The submissions made to us today by Mr Crowther do not criticise any of those findings but seek to add a further feature of the evidence about the appellant's driving which, if it does not excuse, may explain her position to this extent. There was evidence, which really consisted of the three contact points between the girl's body and the van we have described above, particularly the contact point of the rear nearside, which are indicative of the fact that at the relevant time the van was not proceeding in a straight line down this narrow road, but was angled significantly towards its right, the road being then clear of parked vehicles at that point. This was therefore some evidence of an attempt, albeit unsuccessful and certainly too late in the day, on the part of the appellant to avoid the collision. That is not mentioned in the sentencing remarks. It is the sole omission on which Mr Crowther places reliance.

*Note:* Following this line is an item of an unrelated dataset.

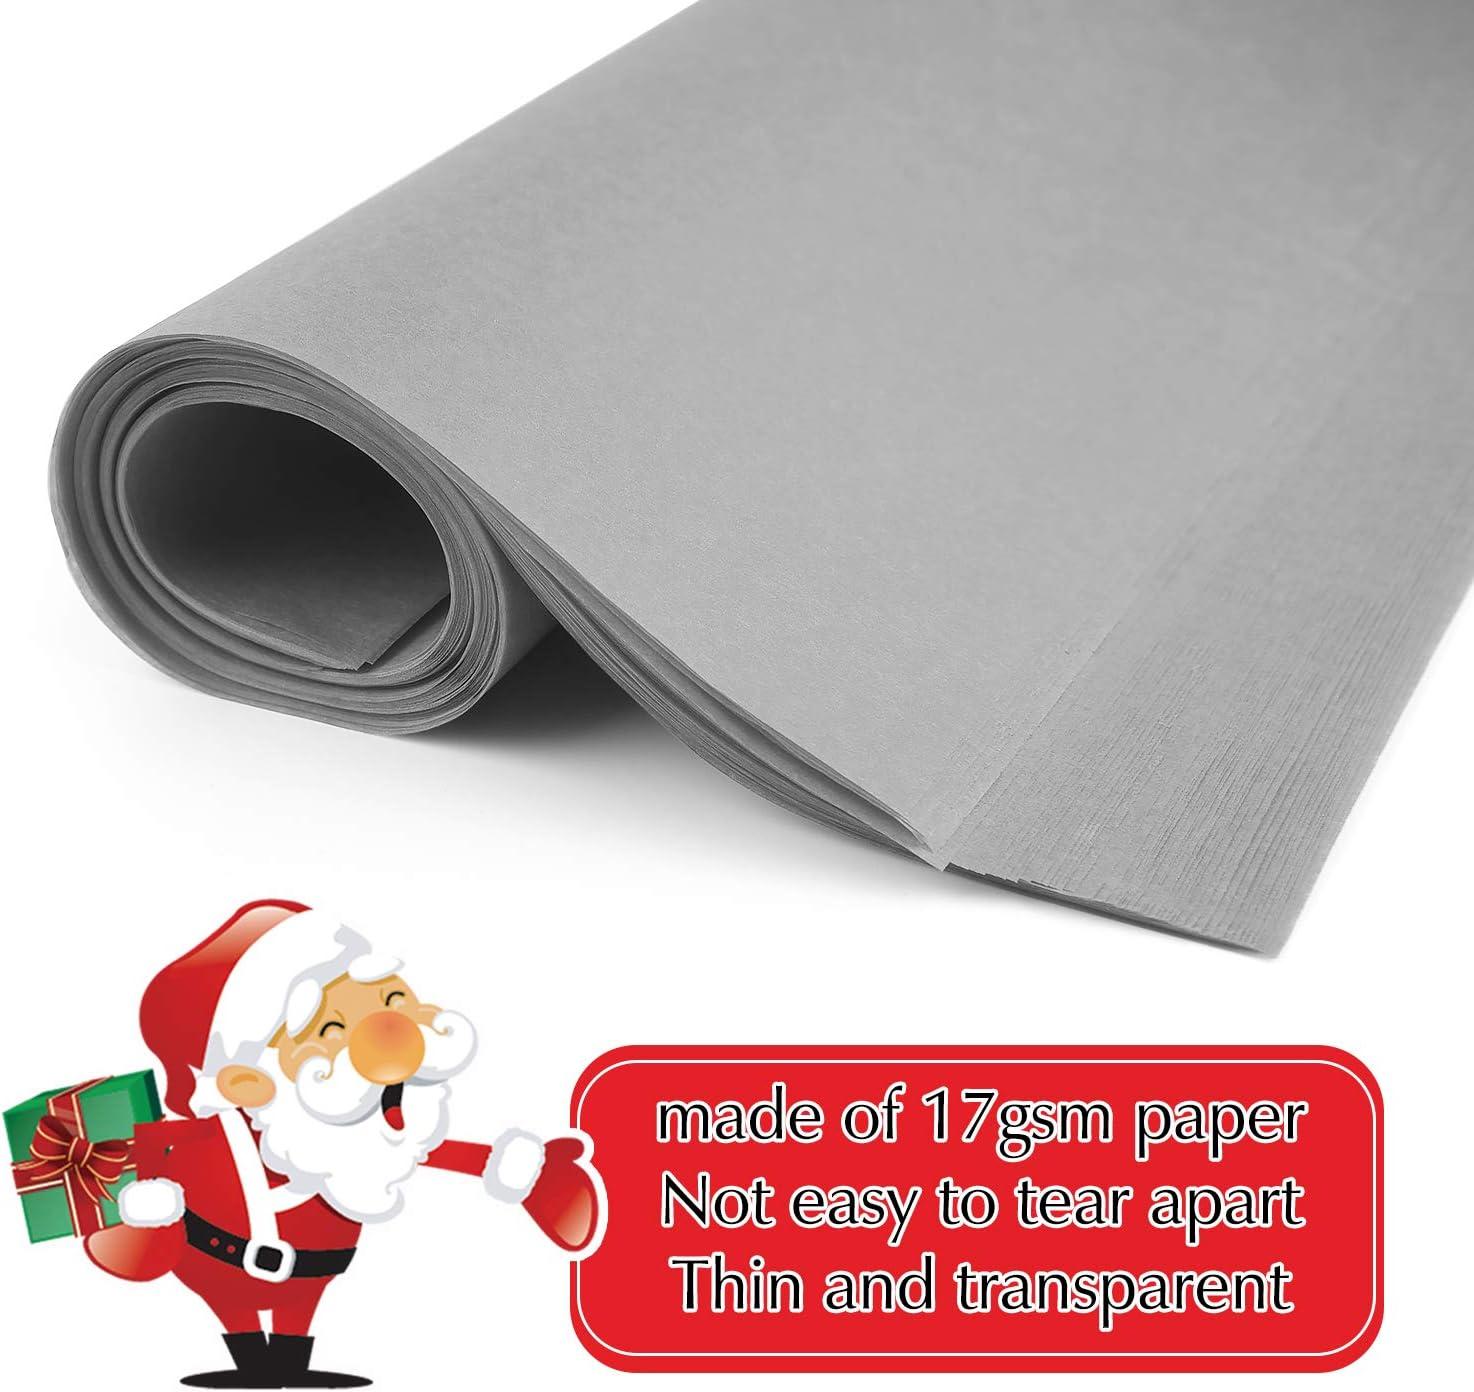 Miahart 60 Blatt Weihnachtliches Seidenpapier 50 x 35 cm Weihnachten Geschenkpapier f/ür DIY und Basteln Geschenkt/üten Dekorationen gr/ün

Otherwise he accepts that this is a bad case of careless driving causing death and that it did call for a custodial sentence, albeit he seeks to urge us that it was one which could have been suspended.

7.

The sentencing guidelines on page 18 draw attention to a driving feature which will fall to be considered in cases of this nature, and self-evidently so, namely driving inappropriately close to another road user, particularly a child pedestrian.

8.

This therefore was a piece of careless driving which fell to be dealt with in this way. The appellant had made a serious error of judgment in not simply stopping and waiting for this group to clear the narrow part of the road before continuing. Instead she would seem to have thought that she could drive through at a constant speed, with only the safeguard of sounding her horn, and so miss the child pedestrians in front of her. But in addition to driving through, as the judge put it, it does seem to us having heard the arguments put forward for her today that there was a further attempt she made in addition to sounding her horn at a late stage to avoid this child and in that respect she made another error of judgment in thinking that that would have been enough to prevent this terrible accident.

9.

We have considered the sentencing guidelines and the two categories under which this careless driving could have been placed. We have reached the conclusion that the judge was entirely right and justified in categorising it as driving which required the imposition of a custodial sentence and we are unpersuaded that this sentence could in the circumstances be suspended, notwithstanding the personal mitigation available to the appellant which the judge alluded to as well. But we are at the end of the day satisfied in this difficult and anxious case that the sentence of two years' imprisonment passed by the judge was excessive and should be quashed and replaced by a sentence of imprisonment for one year. To that extent this appeal is allowed.